The design life of crystalline modules is typically 30 years. Manufacturers perform accelerated tests on the operation of the module in order to evaluate its real service life. The solar cells themselves used in solar modules have an almost unlimited service life and show no degradation after decades of operation. However, the production of modules decreases over time. This is the result of 2 main factors - the gradual destruction of the film used to seal the module (usually ethylene vinyl acetate film - EVA) and the destruction of the rear surface of the module (usually polyvinyl phosphate film), as well as the gradual clouding of the EVA film layer located between the glass and solar cells.

The module sealant protects the solar cells and internal electrical connections from moisture. Since it is almost impossible to completely protect the elements from moisture, the modules actually “breathe”, but this is extremely difficult to notice. Moisture that gets inside is removed outside during the day when the temperature of the module increases. Sunlight gradually destroys the sealing elements due to ultraviolet radiation, and they become less elastic and more susceptible to mechanical stress. Over time, this leads to deterioration of the module's moisture protection. Moisture that gets inside the module leads to corrosion of electrical connections, an increase in resistance at the point of corrosion, overheating and destruction of the contact, or a decrease in the output voltage of the module.

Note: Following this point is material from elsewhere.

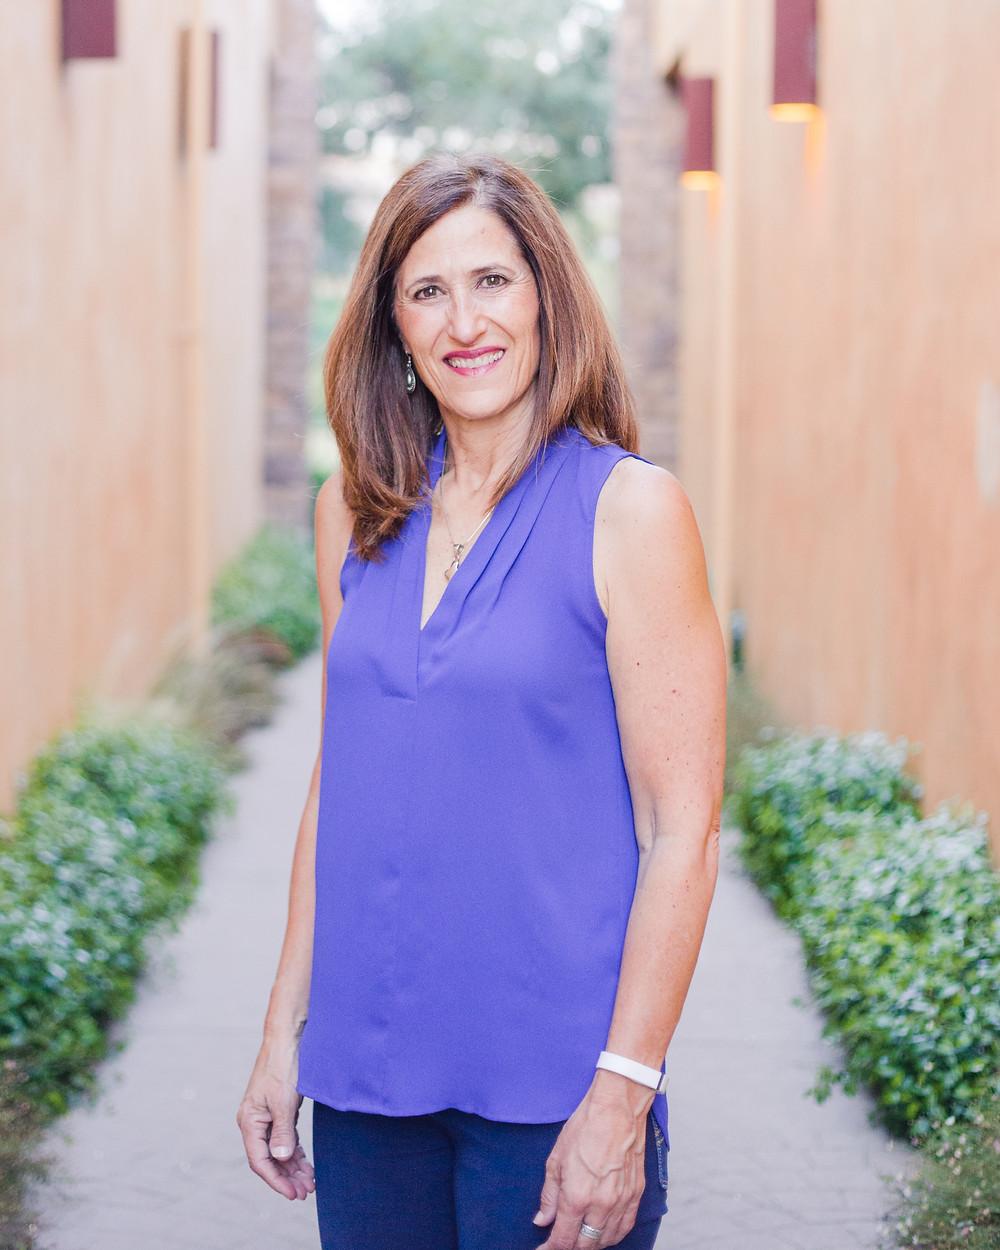 Sharon Cesena, El Dorado Hills, Cultivate, Women's conference, Journaling

The second factor that reduces module production is a gradual decrease in the transparency of the film between the glass and the elements. This reduction is not noticeable to the naked eye, but leads to a decrease in the module's power due to the fact that less light reaches the solar cells.

Maximum deterioration is usually guaranteed by manufacturers to be no more than 20% over 25 years. However, measurements taken on modules actually operating since 1980 show that their output has decreased by no more than 10%. Many of these modules still work with the parameters declared during production (i.e., there is no degradation). Therefore, we can safely say that the modules will operate for at least 20 years, and with a high probability will provide high performance even 30 years after the start of operation.